Dan Wolgers
The day is so short but the night is so long / New and selected works
October 30 – November 23, 2003, Oslo

Dw 20031030 introduction

Thursday, October 30th, Galleri Riis opens its fourth exhibition of the work of the Swedish artist, Dan Wolgers. In this exhibition, Wolgers will show a series of entirely new works in combination with objects from recent years.

Dan Wolgers (b. 1955) is one of Scandinavia’s most talked about and influential artists of his generation. When he received the prestigious, honorary stipend from the Royal Swedish Academy of Art last year, it was with the following explanatory statement from the jury:

“Wolger’s art is characterized by great integrity and intelligence and accommodates simultaneously playfulness, humor and absurdity. He poses questions and analyzes – his art becomes a “distorting mirror" for our human frailties, the impossible and the unexpected in the everyday. There is a great earnestness in his works, expressions which stimulate both the intellect and the emotions."
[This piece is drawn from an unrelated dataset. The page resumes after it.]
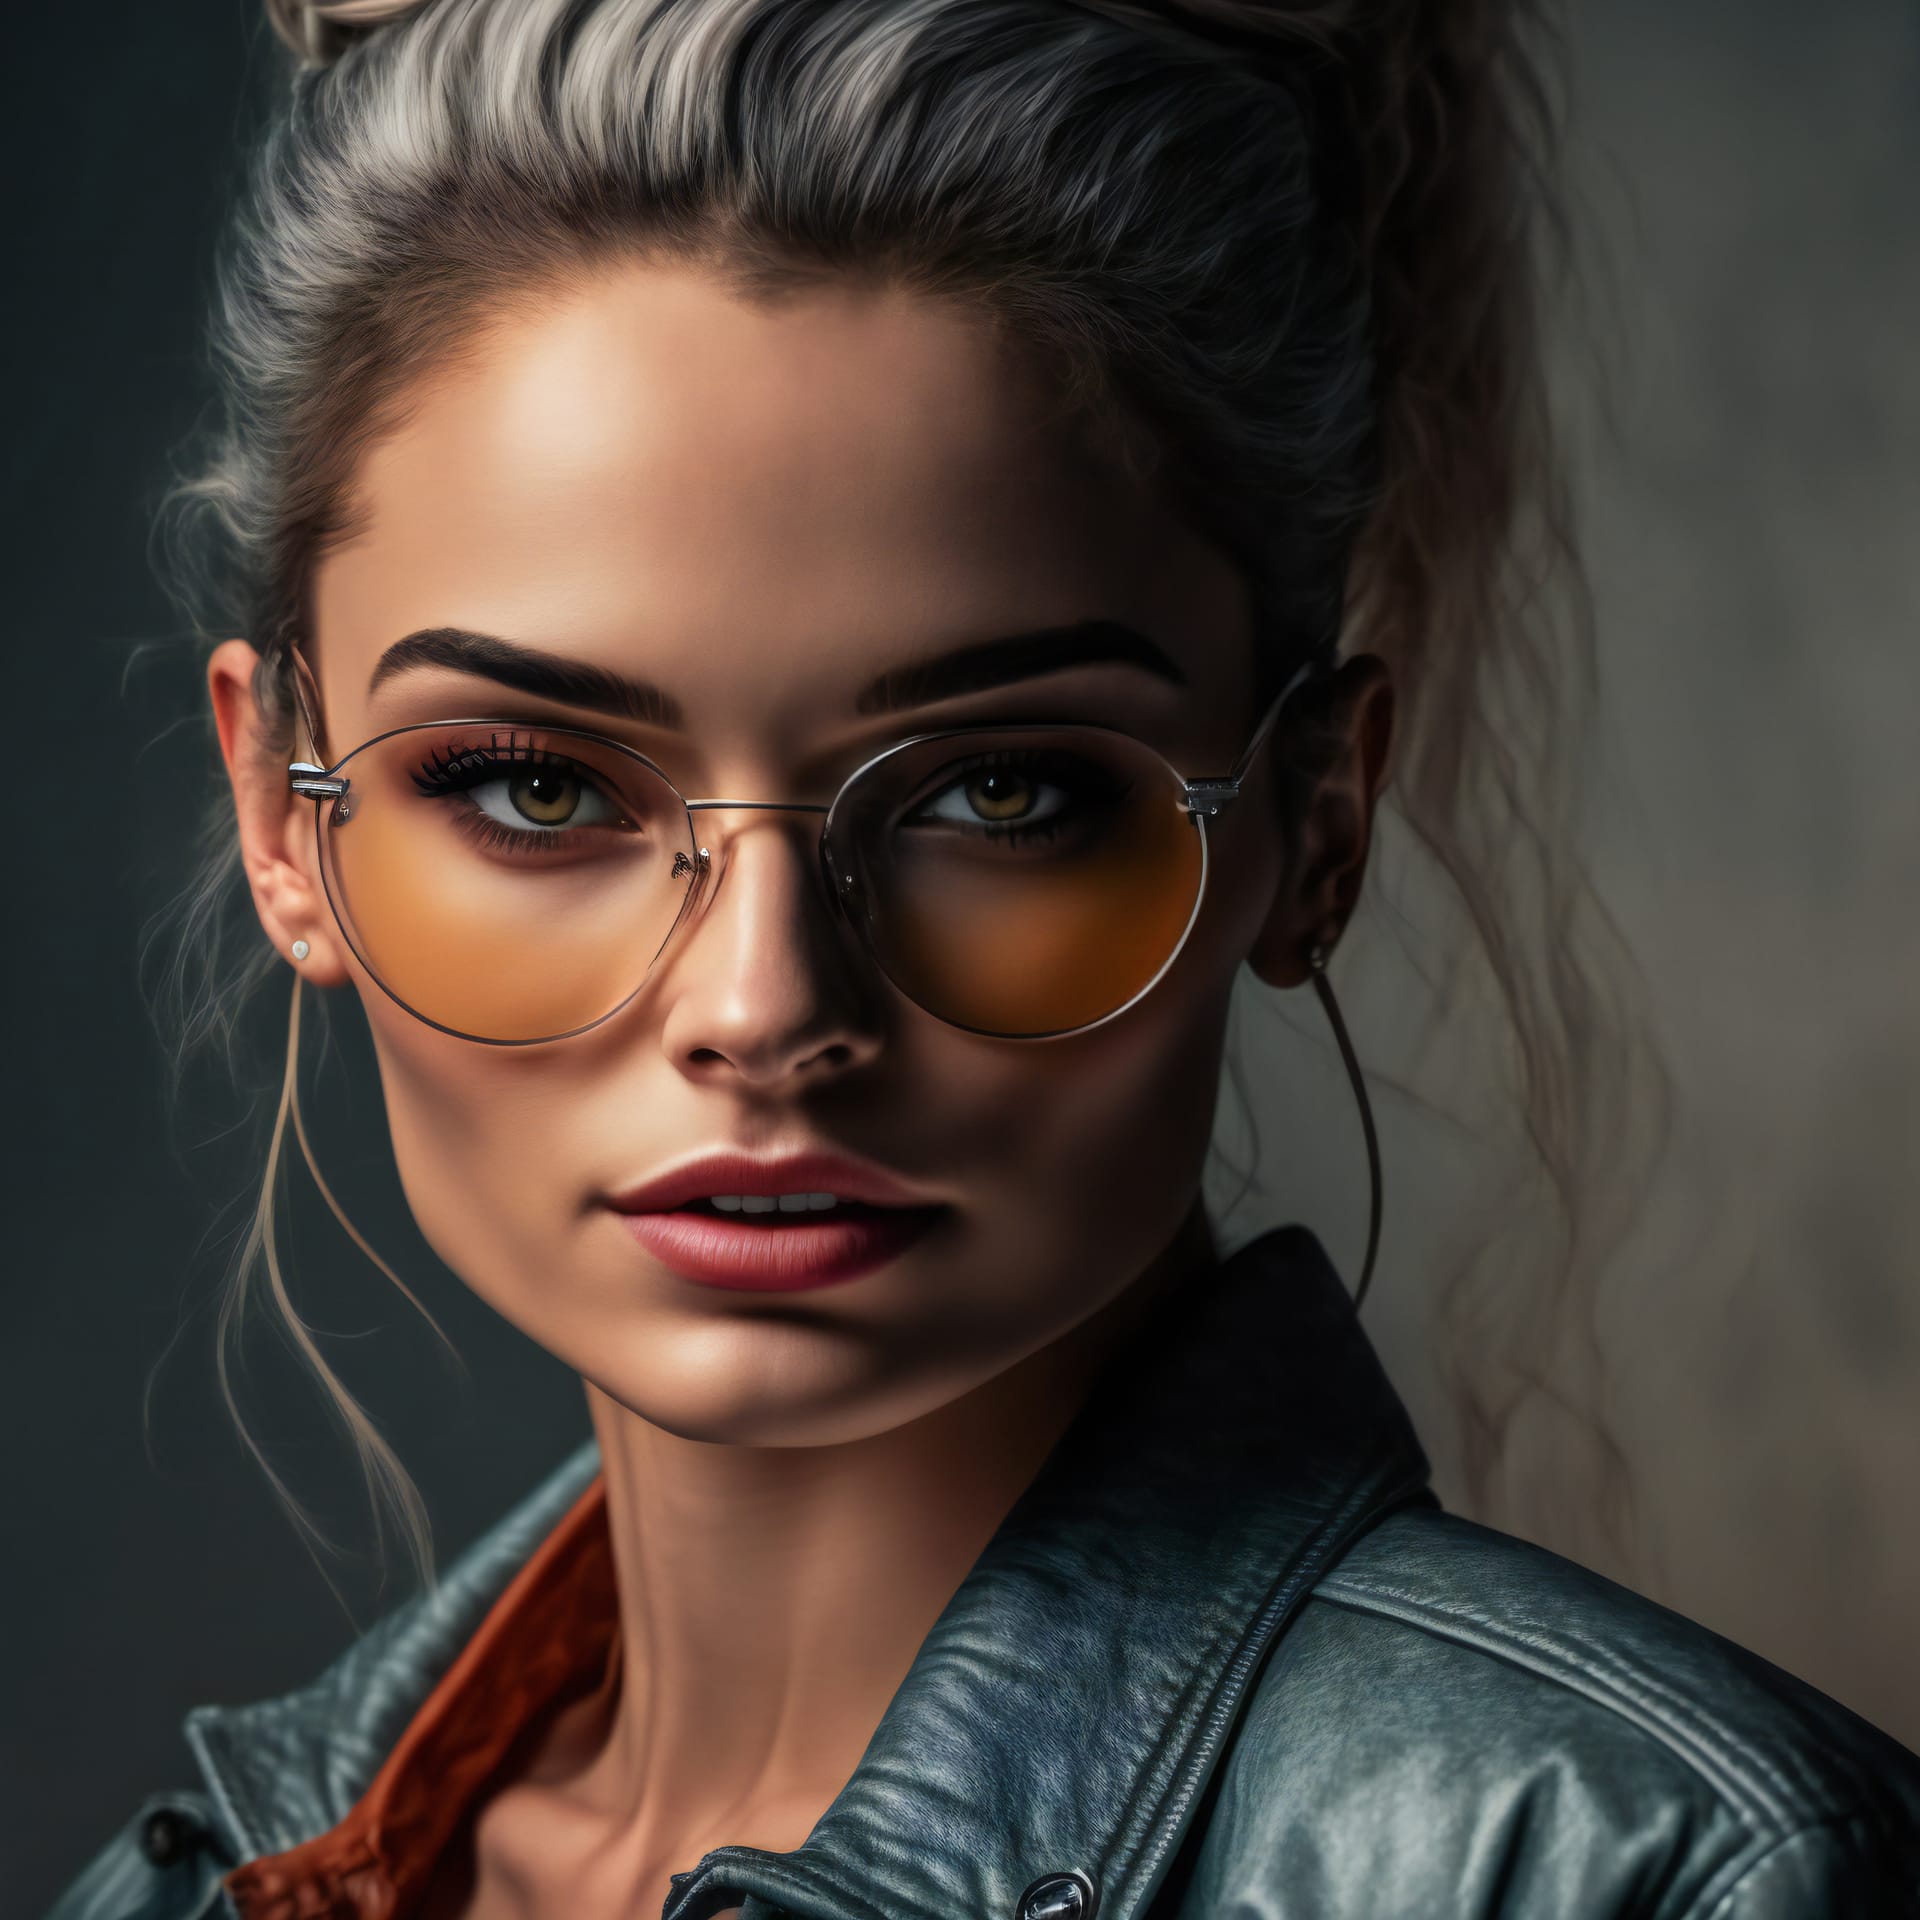 Digital painting trendy woman with sunglass digital illustration painting
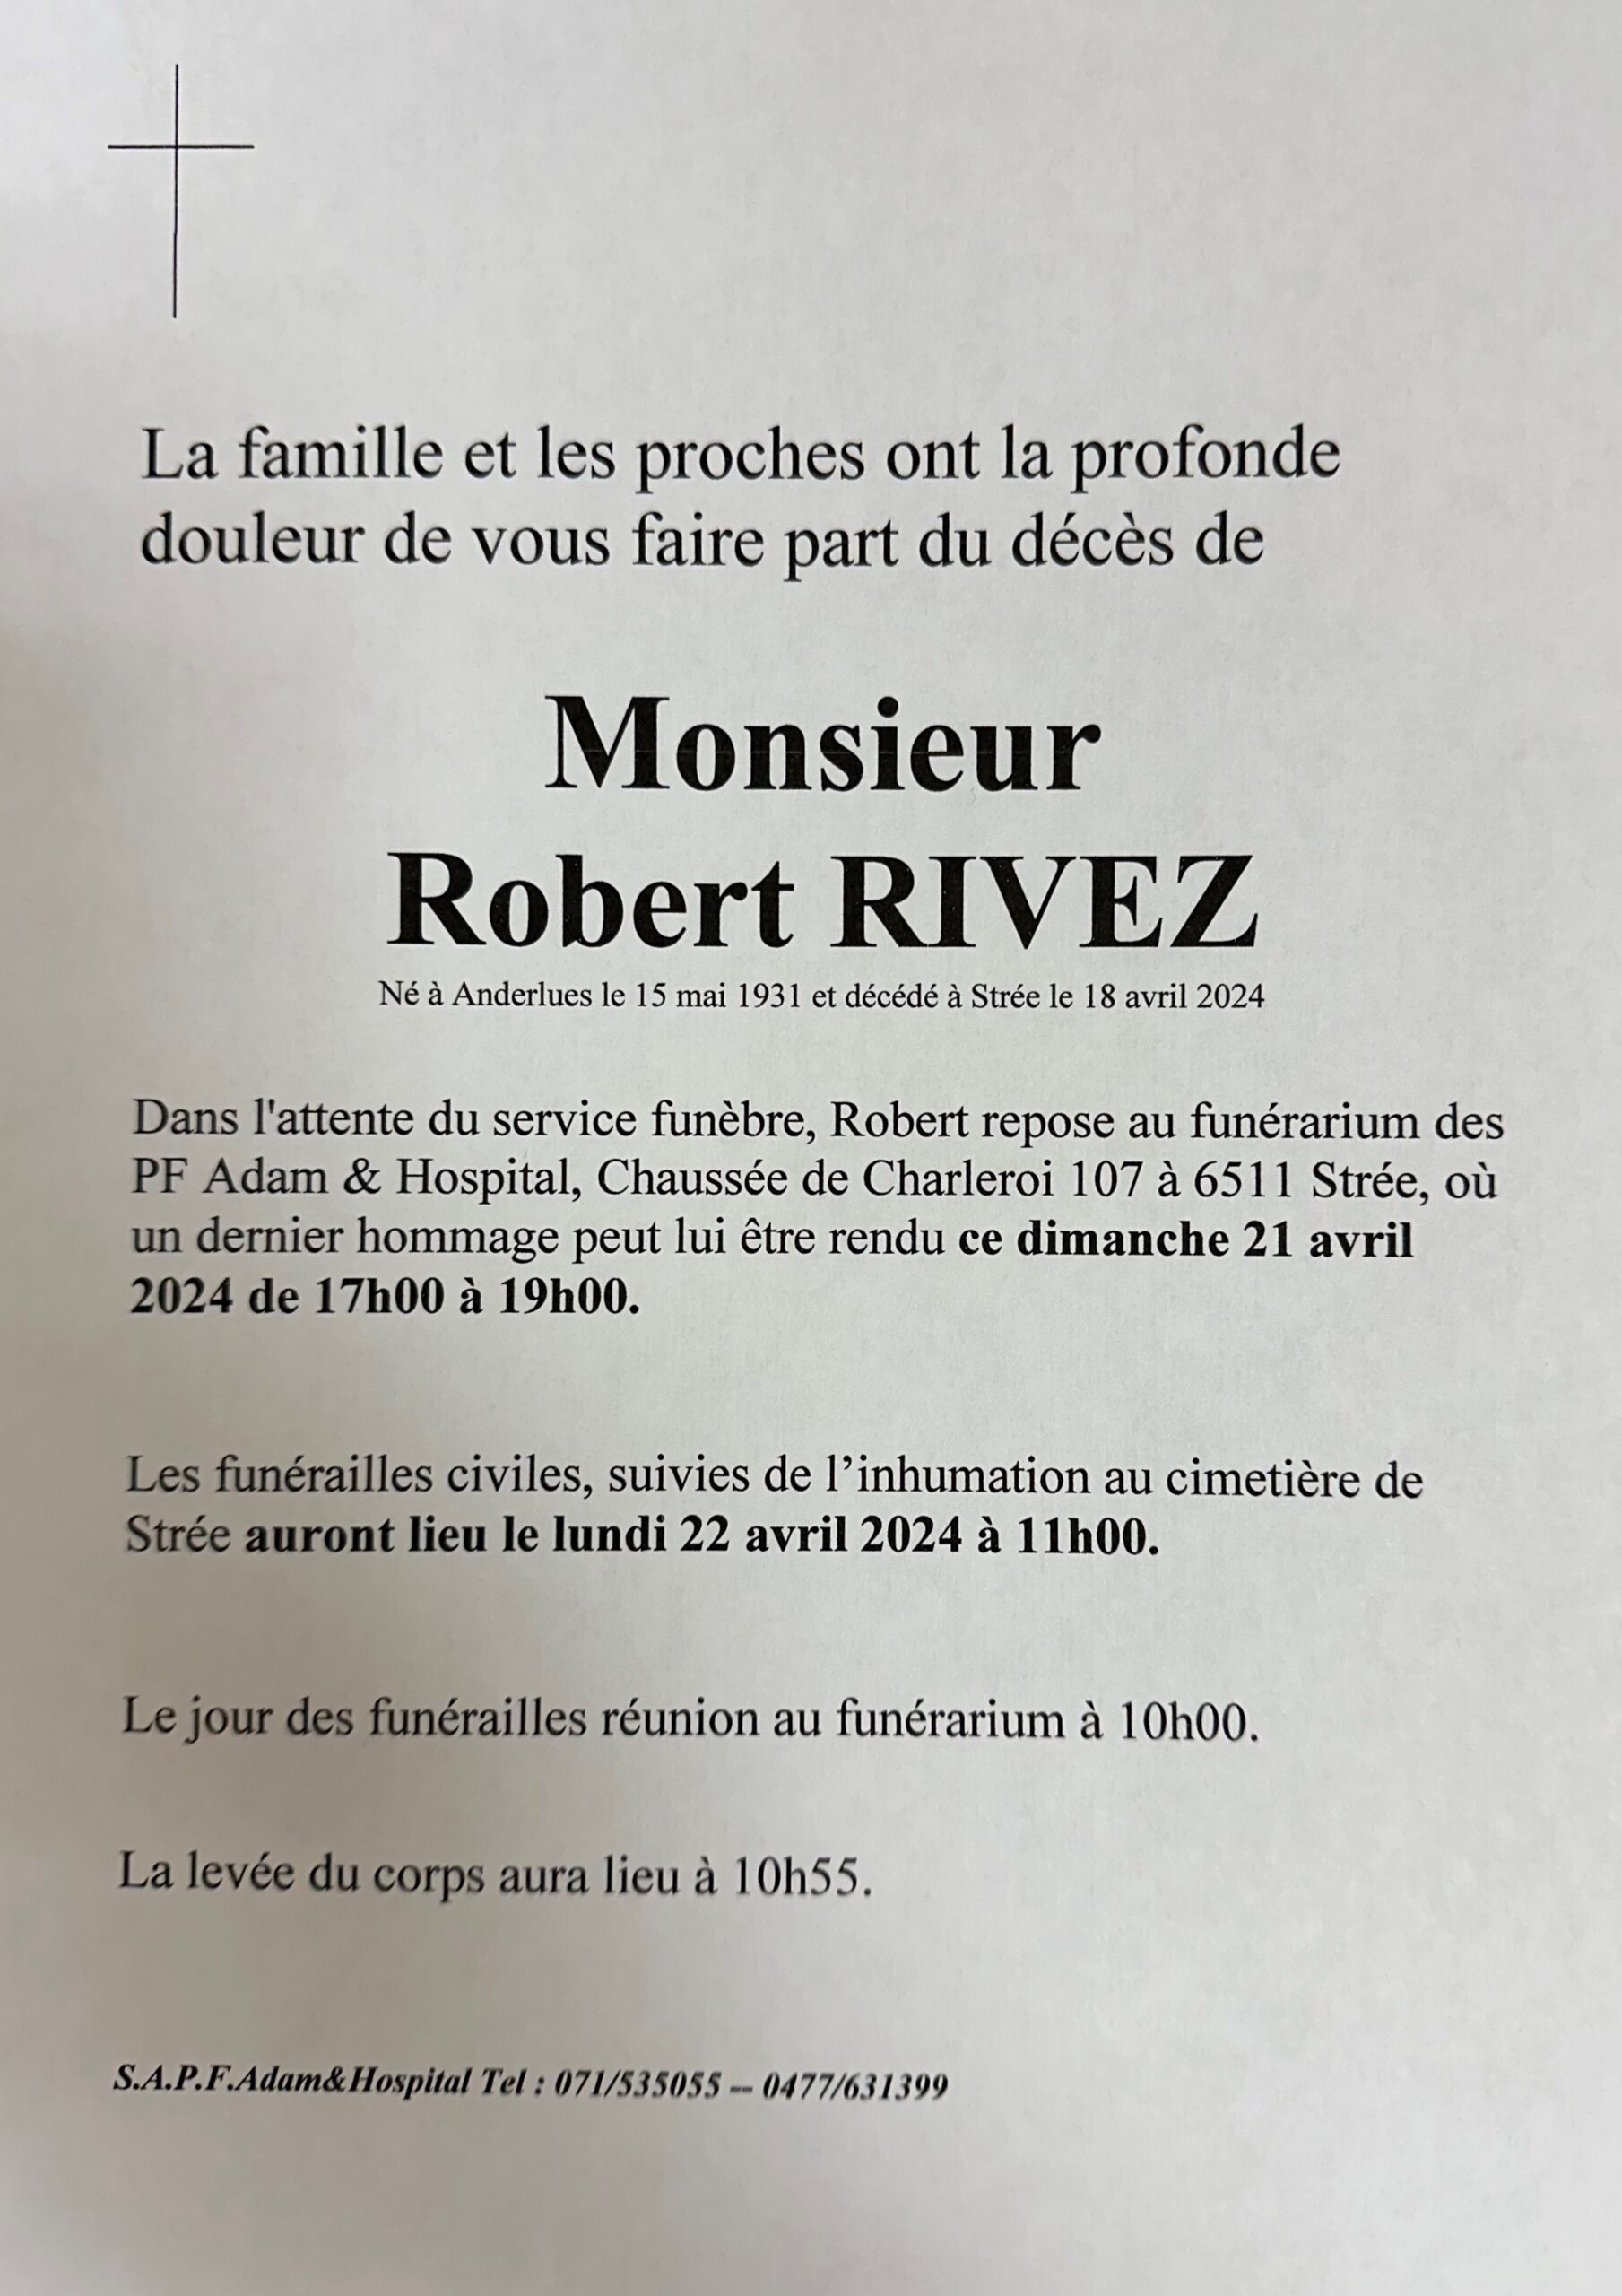 ROBERT RIVEZ scaled | Funérailles Adam Hospital

The new works in this exhibition are inspired by gravity, thus described by Wolgers himself:

“When all is said and done, it’s only gravity that matters. What would everything be without gravity? Emptiness! Weightlessness, which everyone so lyrically hails as a powerless and badly played love song, what is that compared with gravity? Perpetually rousing mankind to its corporeal rendez-vous with the world – violent, destructive and bloody. Round about us all things lay faithfully against the ground. In secret they kiss each other, but only in three places – never more than three places. Calm, clean, eternal."

Dan Wolgers lives and works in Stockholm. He was educated at the Royal Swedish Academy of Art from 1980-85, where he later was a professor, in the years 1995-98.